Als die Umweltwissenschaftlerin Ruth Sonnenschein vor 15 Jahren Promotionsstudentin an der Humboldt-Universität zu Berlin war, bedeutete jede Satellitenaufnahme eine größere Anschaffung. „Ein Bild kostete 1000 Euro. Da wurde natürlich nur selten eines gekauft, und das analysierten wir dann sehr eingehend, weil es so wertvoll war.“ Auch später in ihrer Forschungsarbeit war Sonnenschein noch häufig auf Satellitenbilder kommerzieller Anbieter angewiesen. Bis die Europäische Union 2015 begann, für ihr Erdbeobachtungsprogramm Copernicus die hochauflösenden Sentinel-Satelliten um den Planeten kreisen zu lassen, womit die Knappheit endlich ein Ende hatte.
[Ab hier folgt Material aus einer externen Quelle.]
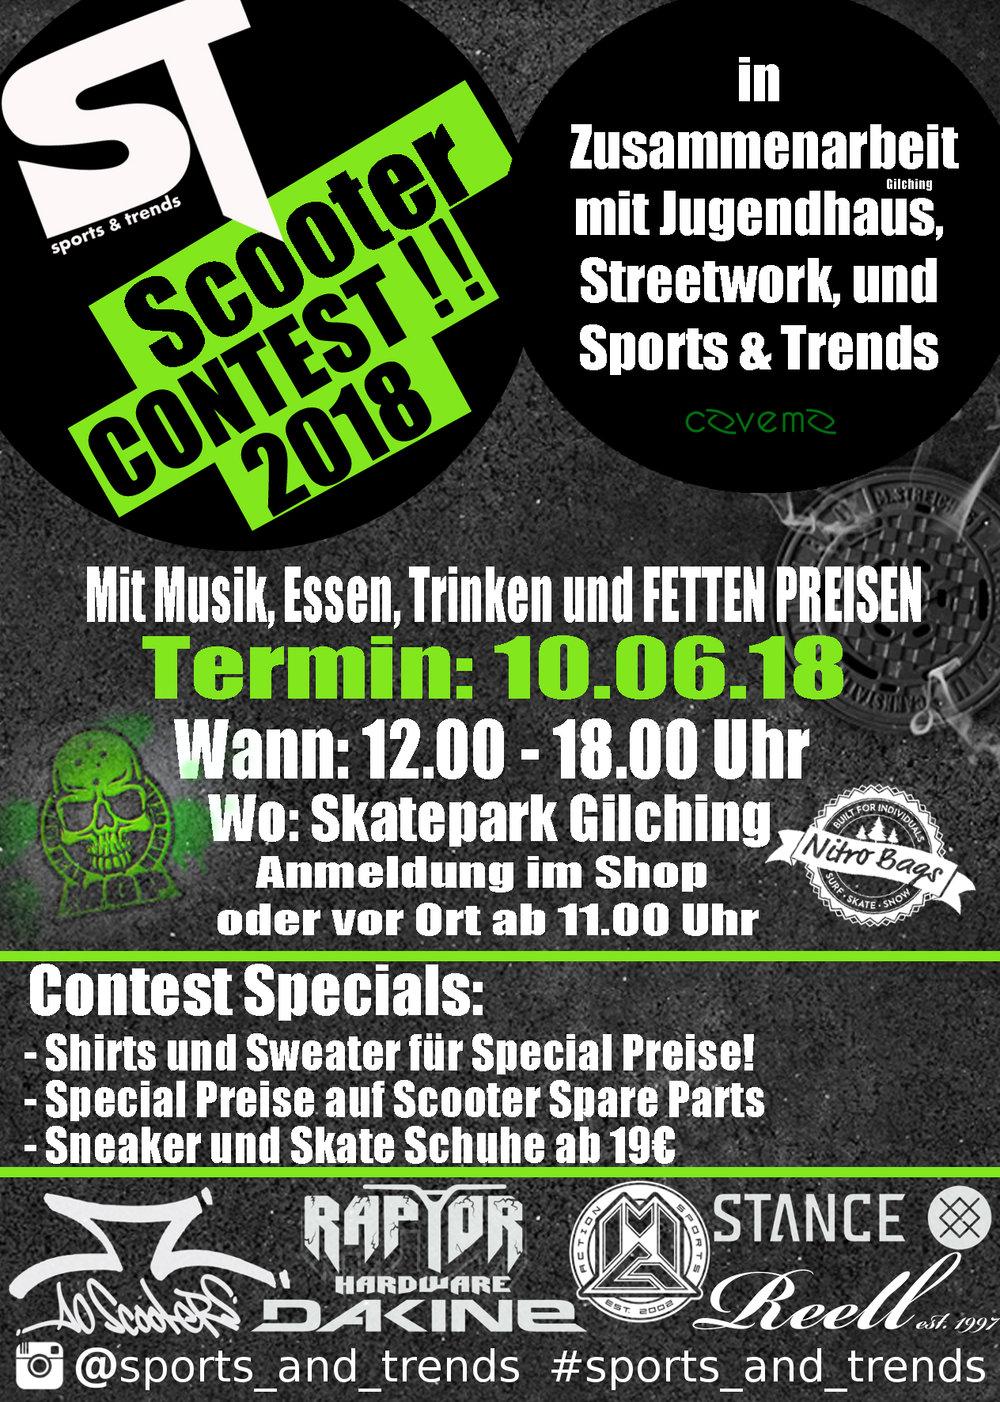 scooter2018 ohne logos_bearbeitet-fihiughnal_bearbeitet-2.jpg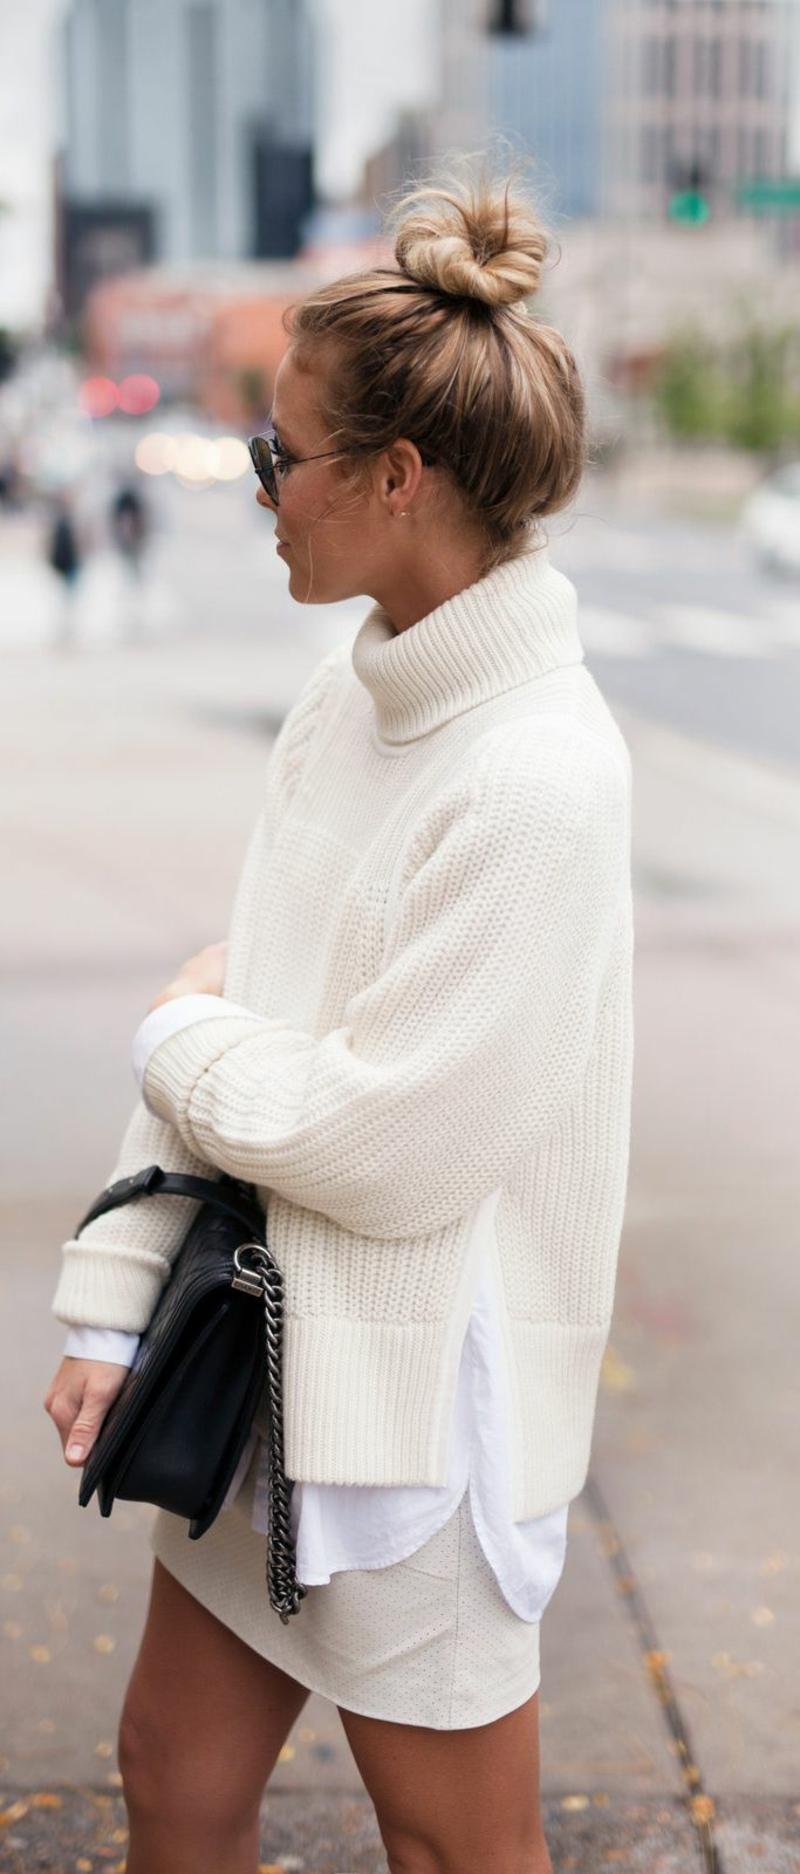 Rollkragenpullover Damen weiß Hemd Minirock casual Style

Heute kann Sonnenschein – so wie jeder, der über die nötigen technischen Mittel verfügt – sich kostenlos so viele Satellitenaufnahmen ansehen, wie sie möchte. Oder wie sie schafft. Denn inzwischen gibt es Bilder in solchen Mengen, „dass kein Mensch mehr die Kapazität hat, sie anzuschauen und zu interpretieren“, wie Sonnenscheins Kollege Alexander Jacob bemerkt. „Das sind immense Datenvolumen. Global gesehen täglich tausende Bilder.“ In unseren Breiten liefern die Sentinel-Satelliten alle zwei bis drei Tage eine neue Aufnahme vom gleichen Ort, und mit höherer oder niedrigerer Frequenz, je nach Lage, von jedem Punkt des Planeten, ohne Unterlass. „Das ist eine Datenflut“, sagt Sonnenschein: „Aber natürlich auch ein Datenschatz.“
Die Frage ist, wie man ihn ausschöpfen kann. Und bei der Antwort darauf „kommt das Machine Learning ins Spiel“, erklärt Jacob: ein Zweig der Künstlichen Intelligenz (KI), der sich in den vergangenen Jahren sehr schnell weiterentwickelt hat – wobei die sehr schnelle Zunahme verfügbarer Daten ein wichtiger Faktor war; heute wird maschinelles Lernen in den verschiedensten Wissenschaftsbereichen eingesetzt, um große Datensätze auszuwerten, neue Zusammenhänge und Muster zu erkennen und um Vorhersagen zu machen.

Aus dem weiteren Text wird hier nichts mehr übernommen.